The proapoptotic and antiapoptotic members of BCL-2 family act as a rheostat in regulating programmed cell death. The ratio of death antagonist to agonist determines whether a cell will respond to apoptotic stimulus.
BPH seems to stem from the imbalance between the cell proliferation and cell death. In this study, slides of BPH tissues were stained using immunohistochemistry staining and the expression of BCL-2 was observed. Slides that were positive for BCL-2 expression were then graded (1 indicated that the glands shown <30% of BCL-2
expression, 2 indicated that the glands expressed 30-60% BCL-2 and 3 indicated that the glands shown >60% of BCL-2 expression) and those were negative for BCL-2 was marked as 0.
Studies have shown that 77.6% of the 30 samples was stained positive for BCL-2 expression.
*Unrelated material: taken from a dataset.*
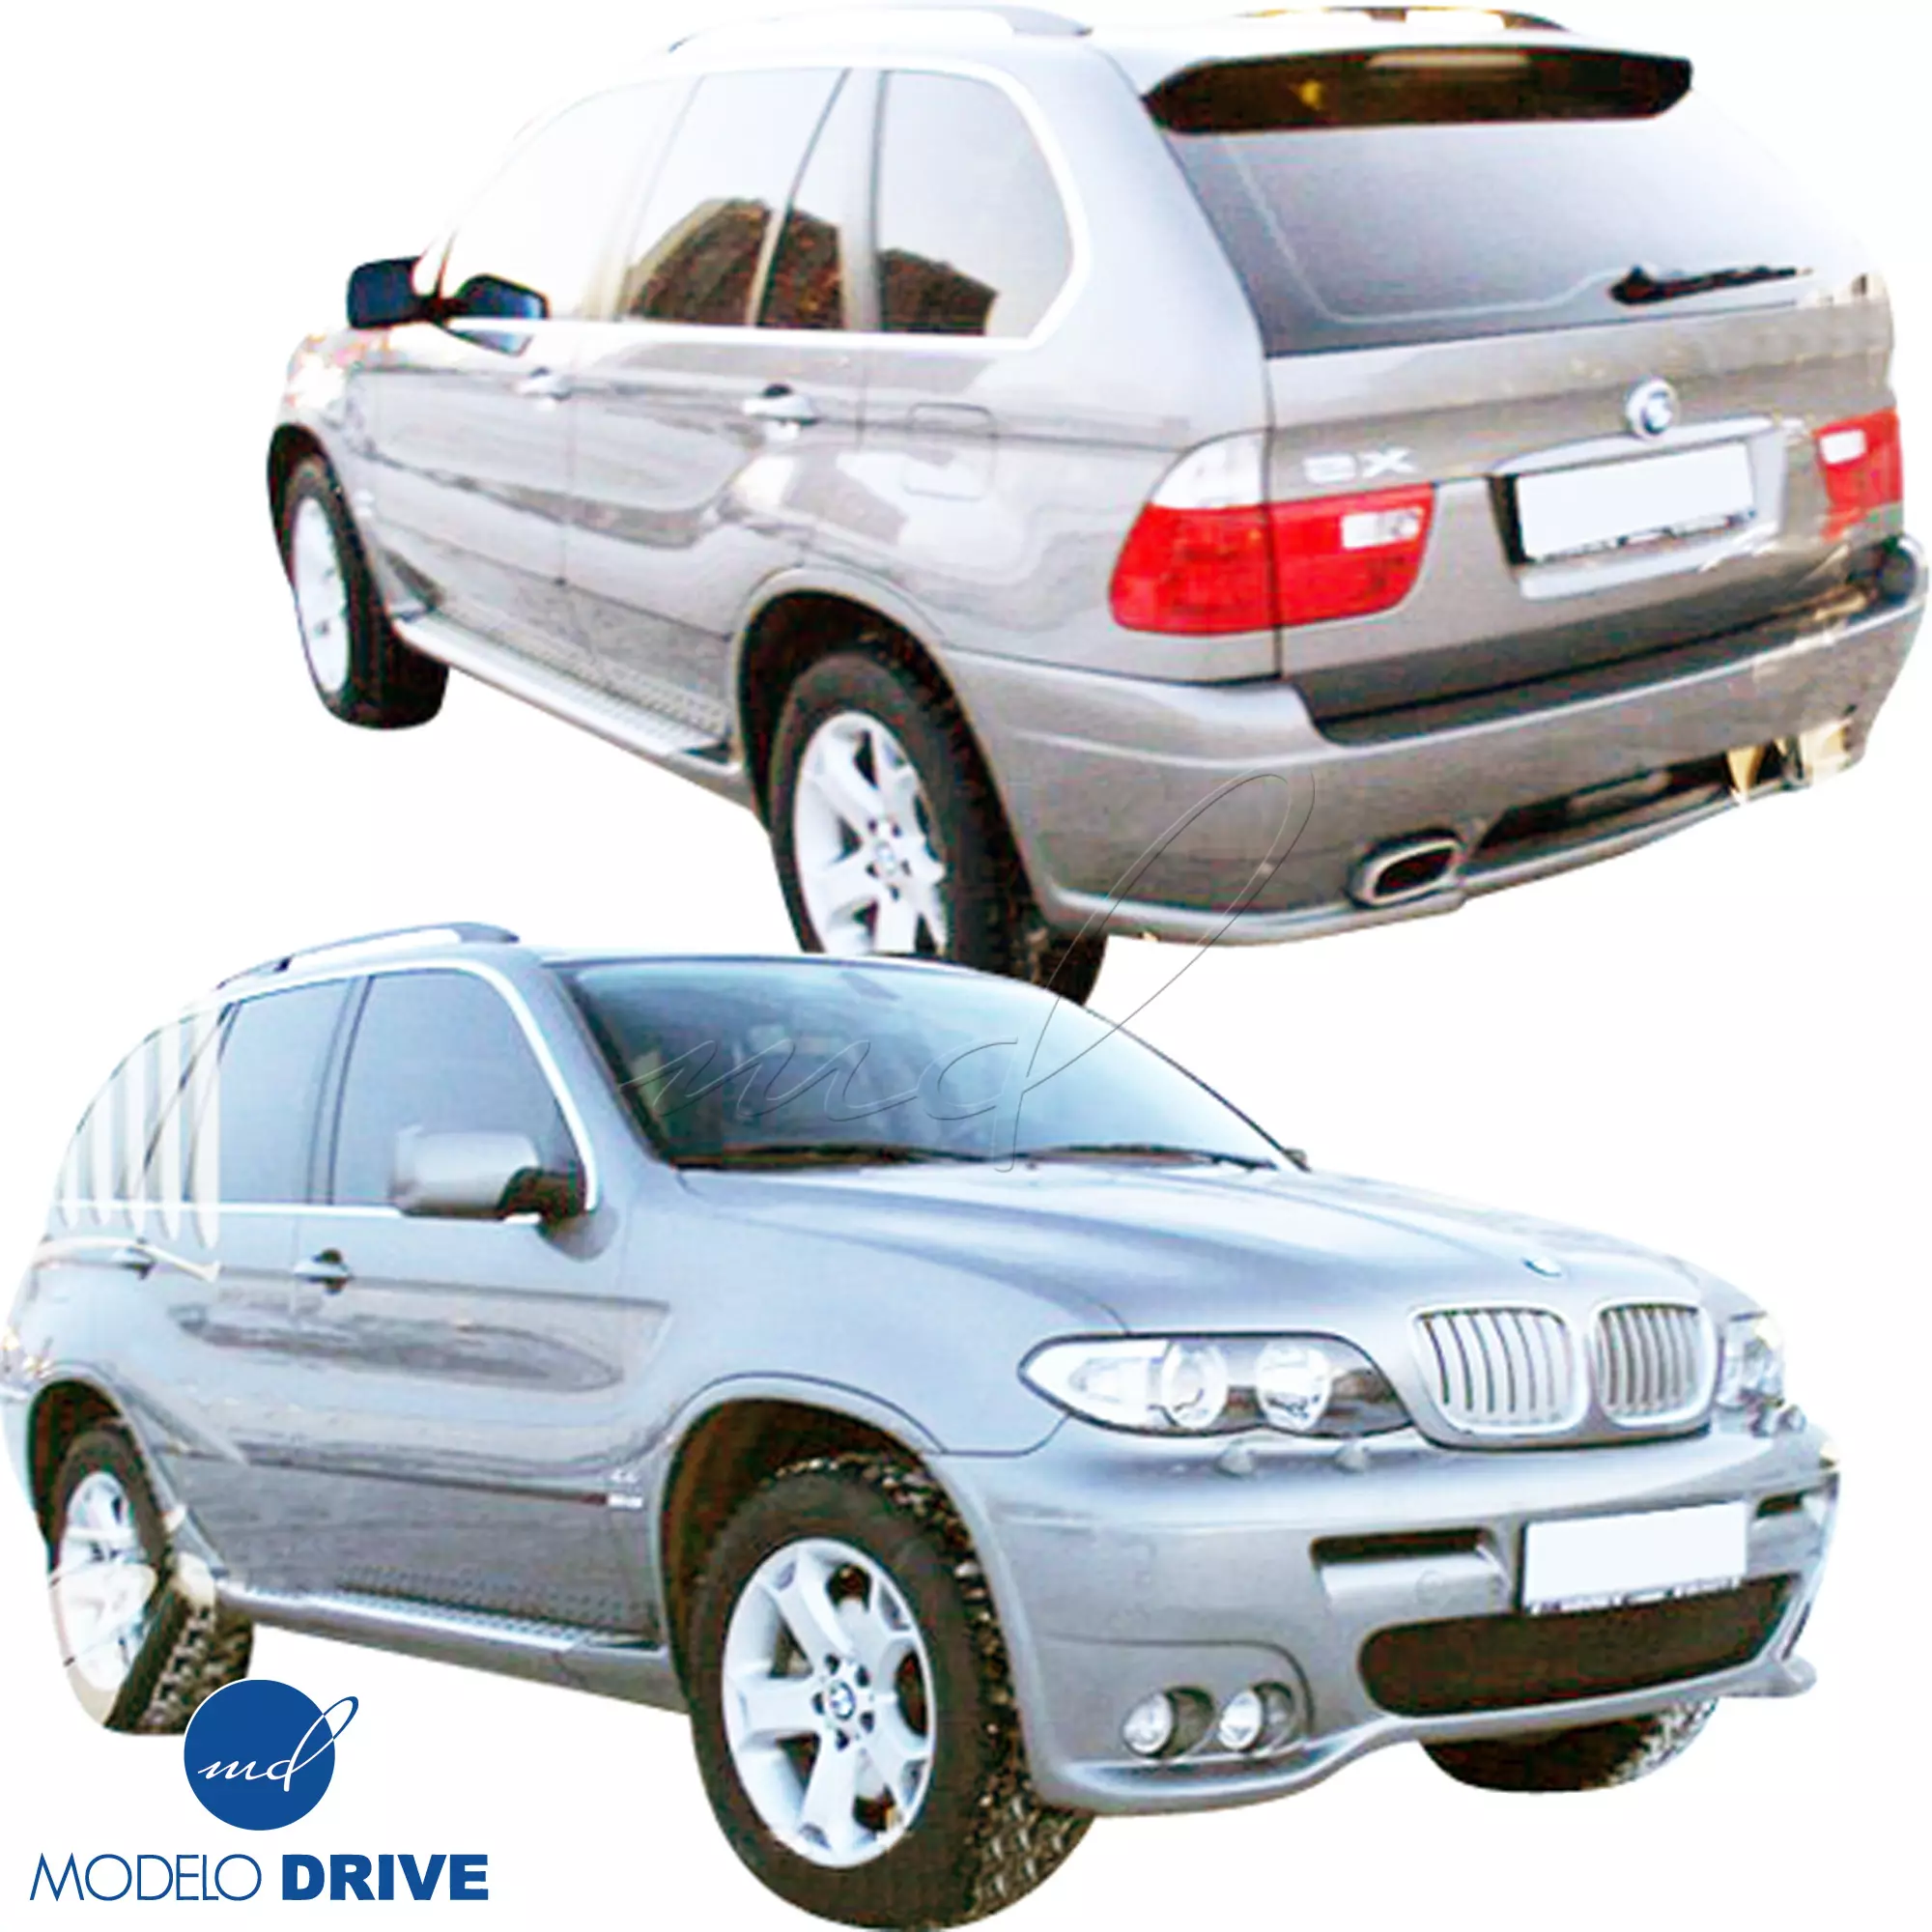 ModeloDrive FRP HAMA Body Kit 3pc > BMW X5 E53 2000-2006 > 5dr - Image 18

There was an increase in BCL-2 expression, which accounted for the decrease in the apoptotic index in a research done by (Colombel et al., 1998; Royuela et al., 2000) and in the present study, we found that out of 30 BPH tissue slides that we stained, 20 (67%) of them showed positivity for BCL-2 expression.
This study proves the theory that BCL-2 regulates cell death up to certain extent and also seemed to correlate well with the two other recent comparable studies. Kendall Tau-B test was applied to find any association between the intensity of BCL-2 expression with apoptosis and the result shown a significant correlation. This finding supported the theory that with an increase of BCL-2 level, there was a decrease in apoptosis, which eventually leads to enlargement of the organ.
This study was done under a research grant provided by the International Medical University, Kuala Lumpur, Malaysia. The researchers also, wish to acknowledge the contributions of Dr. J. Karthikesh, J.R.D. Pathology Laboratory for his expert advise.